What is Scleroderma?
Scleroderma, also known as systemic sclerosis, is a rare and devastating autoimmune disease in which the body attacks its own tissues, causing an overproduction of collagen. Collagen is a fiber-like protein which holds all of the structures in the body together. Individuals with scleroderma often suffer fatigue, lose appetite and weight, and have joint swelling and/or pain. Severe forms of the disease typically cause significant thickening and stiffening of the skin. Internally, it can damage organs such as the heart, lungs, and kidneys.
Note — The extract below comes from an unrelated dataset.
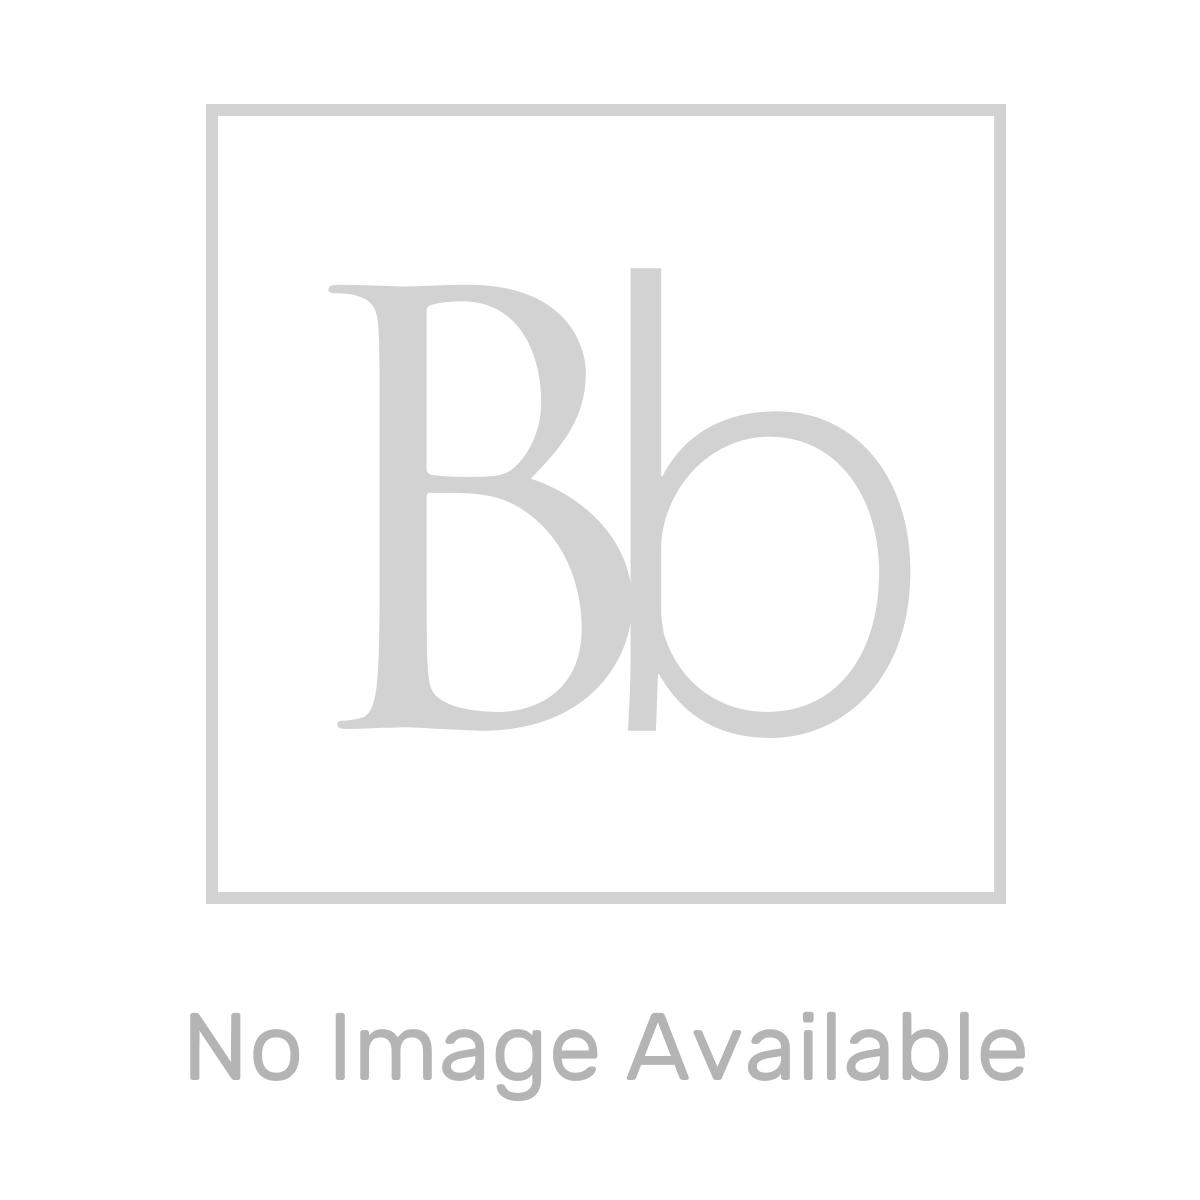 RAK Feeling Cappuccino Rectangular Shower Tray 1700 x 800mm Measurements

Because scleroderma can be hard to diagnose and it overlaps with or resembles other conditions, scientists can only estimate how many cases actually exist. Current estimates are that 75,000 to 100,000 Americans have the disease, of which the majority are women in their child-bearing years. In people with severe forms, mortality rates are high — almost 50% die within five years of diagnosis.
Types of scleroderma
Scleroderma can affect the internal organs of the body, large areas of skin, or both. The disease can be classified into two groups:
- Localized — only the skin is affected
- Systemic — can affect the whole body (skin, tissues, blood vessels, and internal organs
Systemic scleroderma, also called systemic sclerosis (SSc), can be further classified as either limited or diffuse:
- Limited scleroderma — comes on gradually and affects the skin only in certain areas (hands, face, lower arms, and legs); skin thickening may take years to develop
- Diffuse scleroderma — skin thickening usually occurs quickly and over much of the body (hands, face, upper arms, upper legs, chest, and stomach); connective tissue and internal organs (heart, lungs, and kidneys) are often affected.